Su voz tenía un tono nuevo e inflexible.
Sean parpadeó ante la frialdad de su tono, y luego la ira volvió a rugir. Dijo: «¿Culparte? ¿Acaso me ves como tu abuelo? ¿Te importa en absoluto el nombre de Morgan? Todo esto por una forastera…».
Brad intervino: «Ella no es una forastera. Félix está luchando contra el monopolio mundial de los chips. Salvarlo ayuda a todos en esta nación. Y en cuanto a mí, esta fue mi decisión. Yo solo asumiré el costo».
Sean contuvo el aliento. Desde que apareció Rylie, su nieto se le había escapado de las manos: era más obstinado y le importaba menos el poder de la familia y el peso del ejército.
Sean se quedó de pie bajo la lluvia durante un largo rato, con los ojos ensombrecidos por la ira y la decepción. Dijo: «Te crié durante años y esta es mi primera verdadera decepción. Un buen soldado nunca deja que los sentimientos se interpongan. Piénsalo bien, Brad. Eres un almirante y cada uno de tus movimientos influirá en innumerables personas».
Antes de que Brad pudiera hablar, Sean se dio la vuelta y se alejó. Cillian y los demás lo siguieron de cerca.
Solo Frieda se quedó atrás. Levantó su paraguas sobre Brad, con la voz temblorosa. «B-Brad, llueve demasiado. Vuelve a la tienda. Debemos curarte las heridas inmediatamente».
La repentina amabilidad lo tomó por sorpresa. Su rostro permaneció impasible mientras salía de debajo de su paraguas. «No es necesario.
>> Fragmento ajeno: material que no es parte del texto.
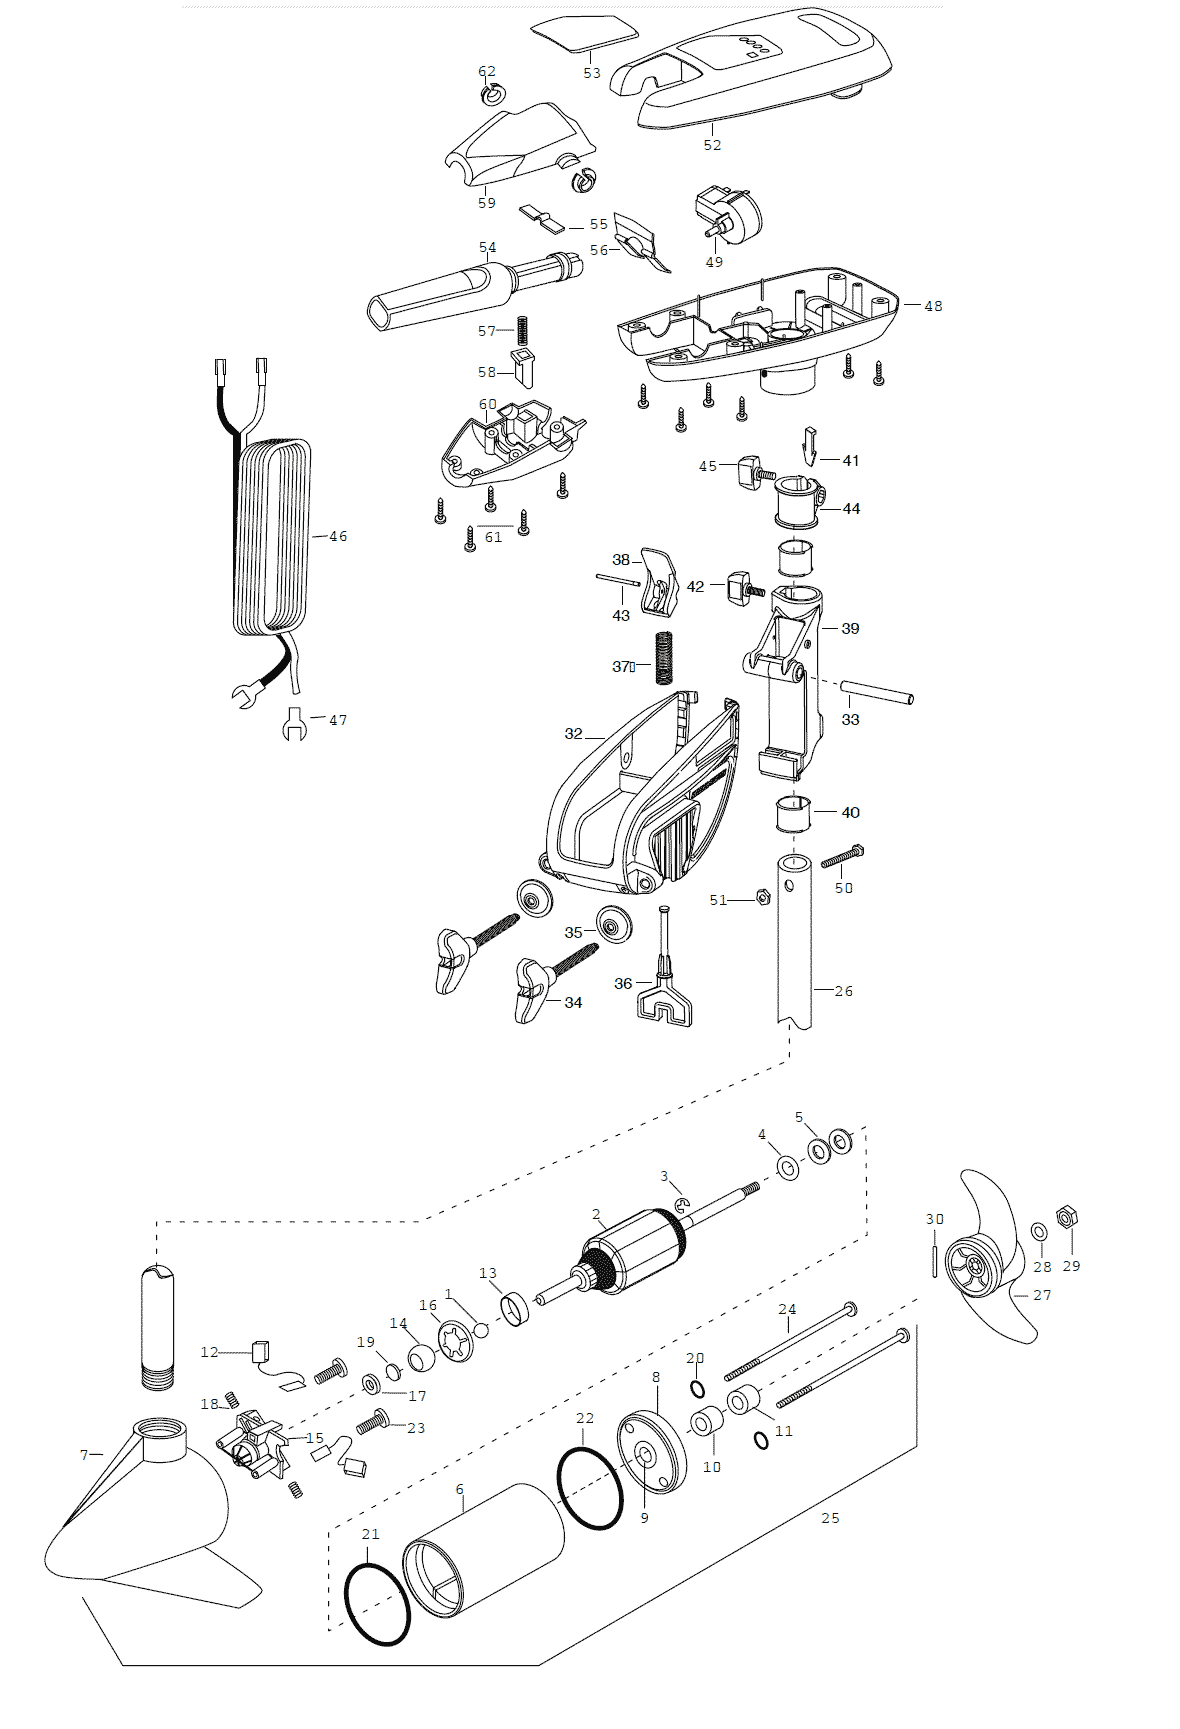 minn kota fortrex 80 parts diagram 12 volt coil wiring turbo 90 2003 from fish307

Gracias».
Frieda se mordió el labio mientras veía cómo otro médico lo guiaba hacia la tienda, con la lluvia cayendo sobre sus hombros.
Las heridas de Brad eran leves y otros ya se estaban ocupando de él. Rylie, en cambio, se centró en su hermano y en el equipo que había regresado envenenado de las montañas.
Brock le entregó las muestras que habían conseguido salvar. «Esto es todo lo que hemos traído. La avalancha nos pilló por sorpresa y perdimos el resto mientras escapábamos. No sé si servirá de algo».
Rylie las cogió sin dudarlo. «No pasa nada. Deja el resto en mis manos».
Brock asintió brevemente.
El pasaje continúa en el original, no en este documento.